Sara first sent him to Frankford -- miles away from their neighborhood, and a world away in many respects -- because of its ROTC program. While Tito is no longer involved in that, he long ago fell into line with the school's rules, long ago began to toe the line academically.

"He's a special, special kid," Namnun said. "He's got great internal drive."

So much so that when Philadelphia's transit workers went on strike three winters ago, Rohena walked two hours, to and from school. And there would appear to be no danger of him blindly following the crowd; he is a Dallas Cowboys fan, something rare (and unpopular) in an Eagles-mad town.

His single-mindedness is trebled when it comes to baseball. Many is the night that Namnun sends him home with a bag of baseballs, so Rohena can hit off a tee and into a screen in his basement. And before a game one time, Namnun walked into the team's locker room, only to hear the thwack of the ball into a tarp; it was Rohena, naturally, who had repaired to the shower room, where he was hitting in his stocking feet.

"The only time I feel safe," Rohena said, "is when I'm on the diamond, just playing the game that I love."

Pitchers feel somewhat less so facing him. Rohena and Meletiche, now at Keystone College in northeastern Pennsylvania, wore opposing hurlers out last year (while themselves doing great work on the mound), as the Pioneers blew through the regular season. Then they spotted Central a 5-1 lead in the Public League championship game before storming back to win 15-5.

States were next. Rohena pitched a three-hitter against Avon Grove in that first-round game at La Salle University, which required an extra inning to decide. And in the bottom of the eighth he came up with a runner on, two outs and the score tied at 1-1.

"We play a game; we call our home runs," he said, smiling at the memory. "I was like, 'OK, it's time to start packing up. We're going to do something.' Next thing you know, I step up to the plate. It was a left-handed pitcher; he threw me a hanging slider. I opposite-fielded him, and it just went over."
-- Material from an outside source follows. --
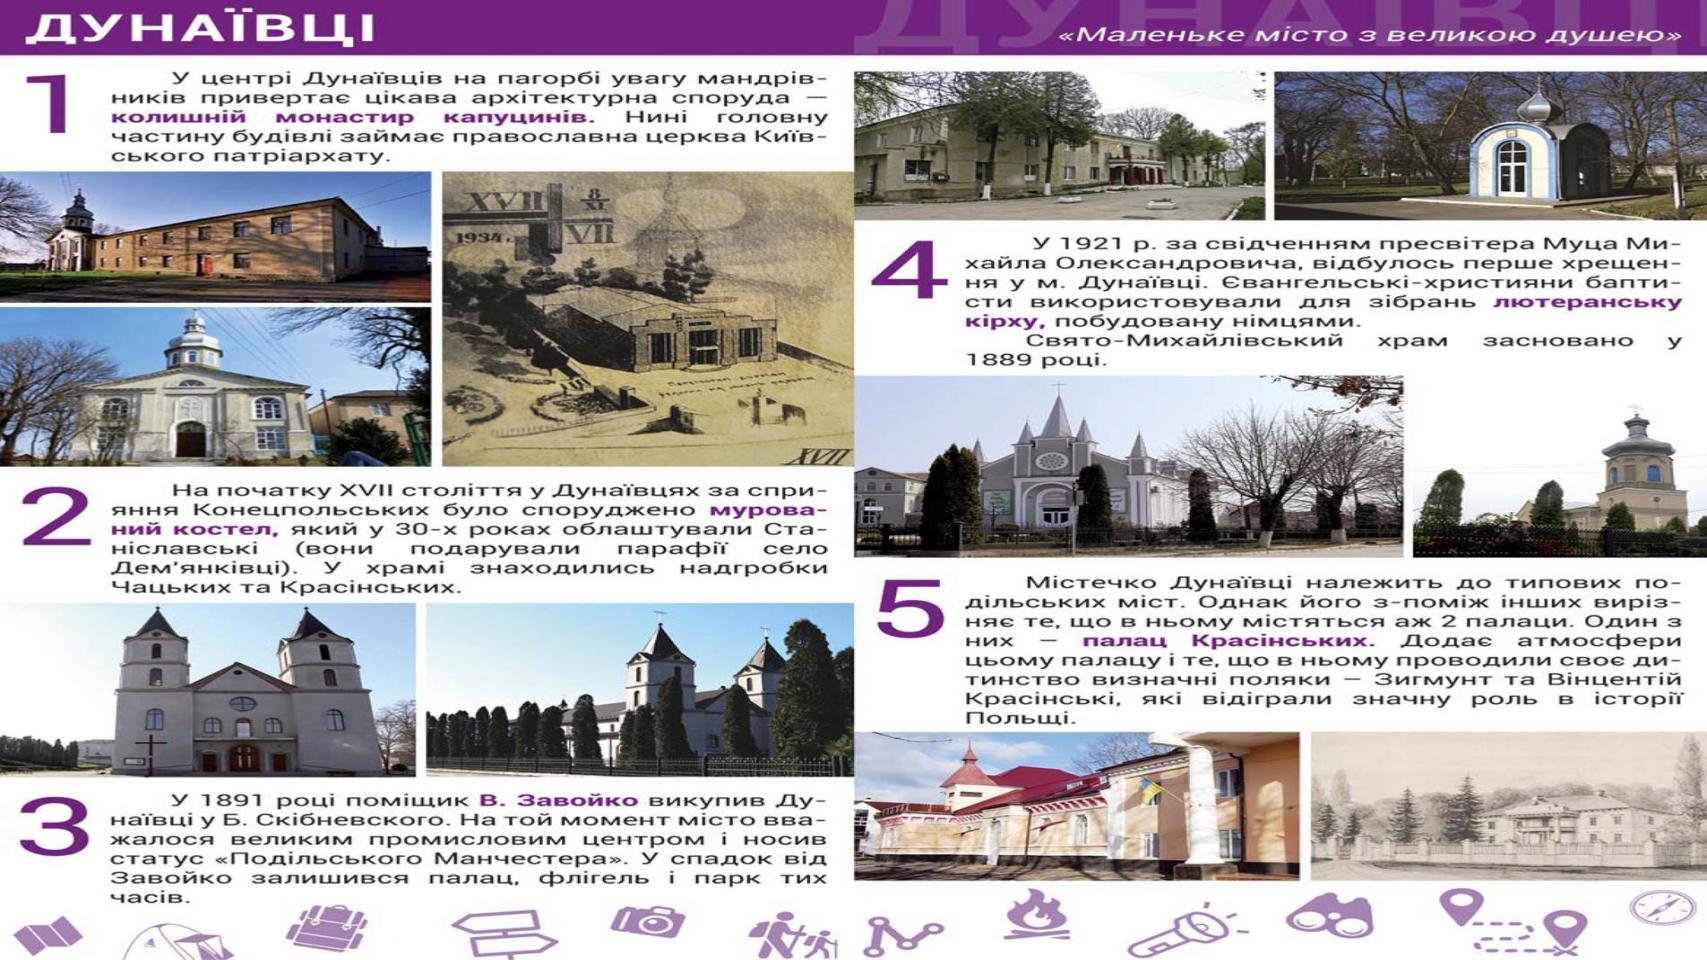 http://dunrada.gov.ua/uploadfile/archive_article/2020/01/31/2020-01-31_678/images/images-74226.jpg

The Pioneers faced Hempfield, a Lancaster County power, in the next round. Down 3-1 in the bottom of the seventh, they scored once, then loaded the bases with one out. Namnun still replays the screamer hit down the third-base line by his catcher, Robinson Rodriguez, which Hempfield third baseman Mark Merrifield turned into a forceout at the plate. He still thinks about the game (and season) ending one batter later.
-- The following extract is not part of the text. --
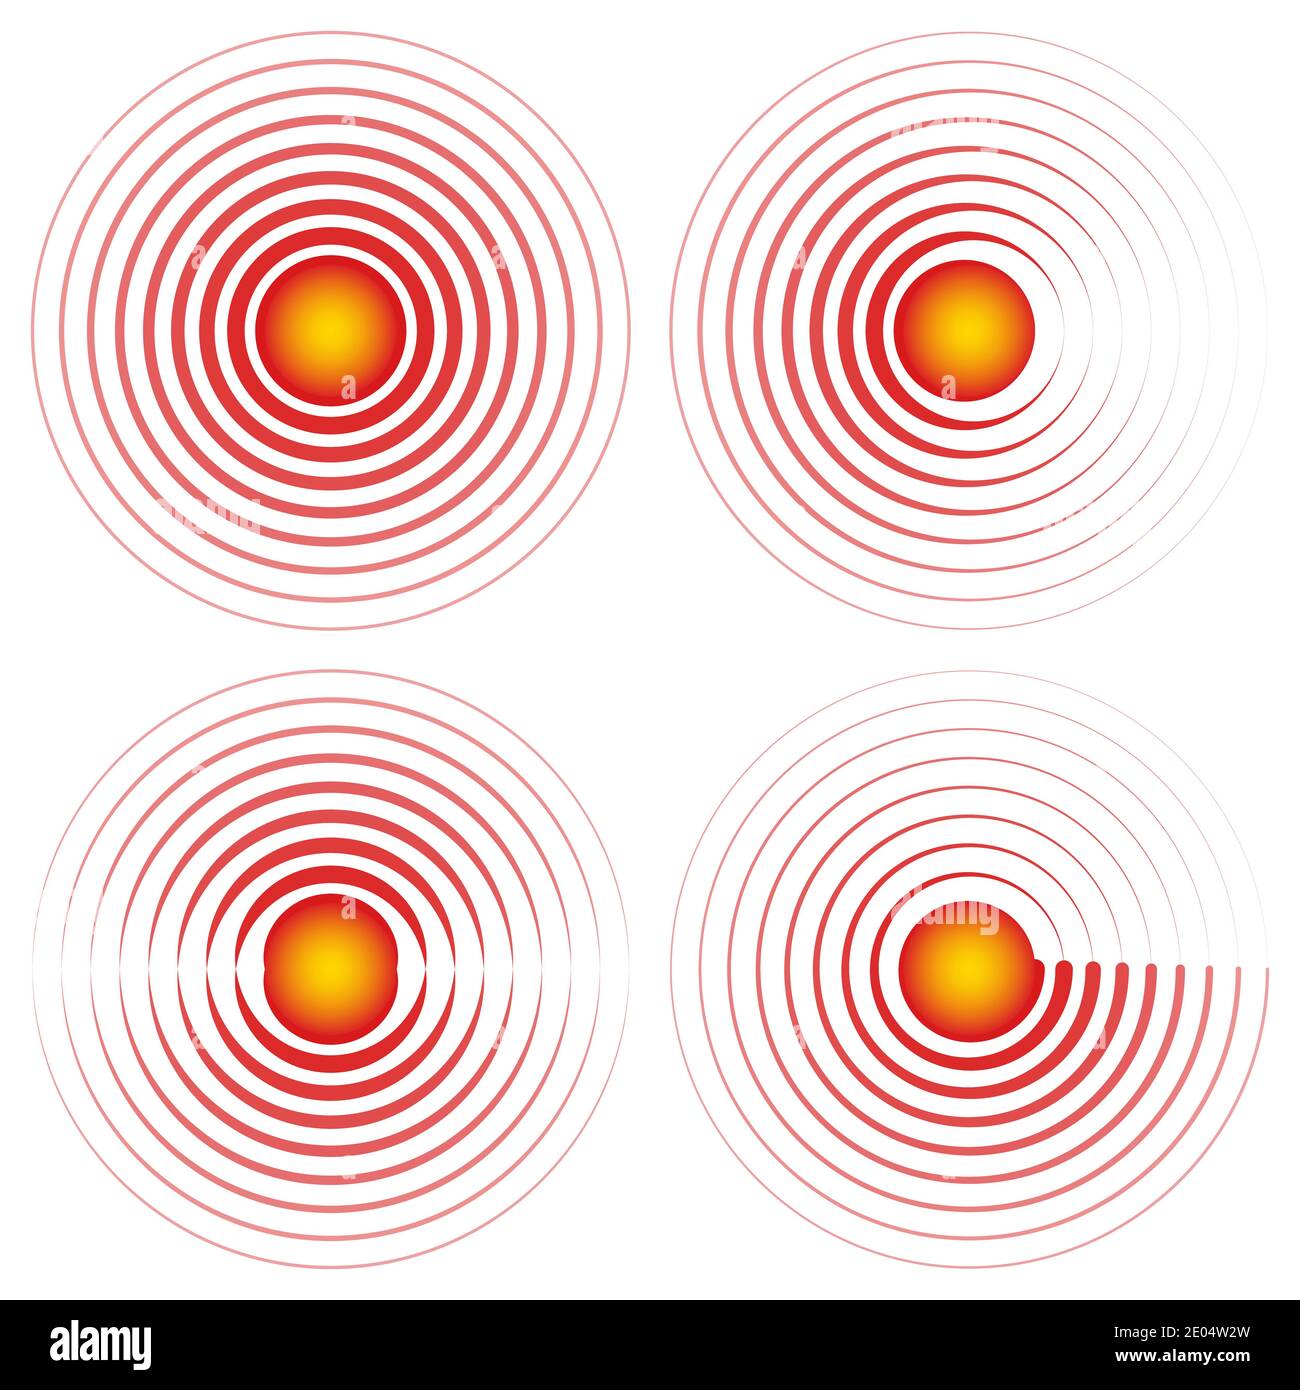 Zeichen Symbol Epizentrum Schmerzen Lokalisierungsvektor rote Kreise mit gelben Zentrum Symbol Halsschmerzen Gelenke, Wunde Stelle oder gequetscht Körperteil Marke Stock Vektor

But on balance, Namnun said, it was "probably the greatest year a coach could ever have."

The uptick continues. Nunez came to town last spring for a combine run by major league scouts at Frankford's field. While he could have signed as a free agent then, scouts thought he would benefit from a year in the states, so he moved in with an uncle living in Frankford's district, enrolled at the school and was cleared by the PIAA to play.

While he has assimilated to his new home in many ways -- owner of a leather Philadelphia Eagles jacket, he said he has grown to like American football "because there's a lot of violence" -- the transition was far from smooth.

There's the cold, for one thing, the language barrier for another; he speaks very little English.

"I wanted to go back," Nunez said through Namnun, who interpreted his Spanish. "My uncle told me to stick it out, give it a chance. Now I feel better."

Invited to the East Coast Showcase in Lakeland, Fla., late last summer, he impressed the scouts if not himself; he thought he should have run faster than 6.7 in the 60-yard dash. In the meantime, Rohena was among those who worked out for scouts in Los Angeles. And it was here that the guy who lives to hit found out that his pitching might take him the furthest; the scouts believe his fastball, currently clocked in the high 80s, can top out in the low 90s when his frame -- he goes 6-foot-3, 190 -- fills out.

So that's something to think about. But so too is college; it is, after all, high on Sara's wish list for her grandson. To that end Tito recently committed to LaSalle, which is close to home. But should he get drafted early enough, his hope is that he signs a contract lucrative enough to allow him to set aside money for school.

Either way, his ambitions are far-reaching. And he is not alone in that.

Gordie Jones is a freelance writer in Pennsylvania.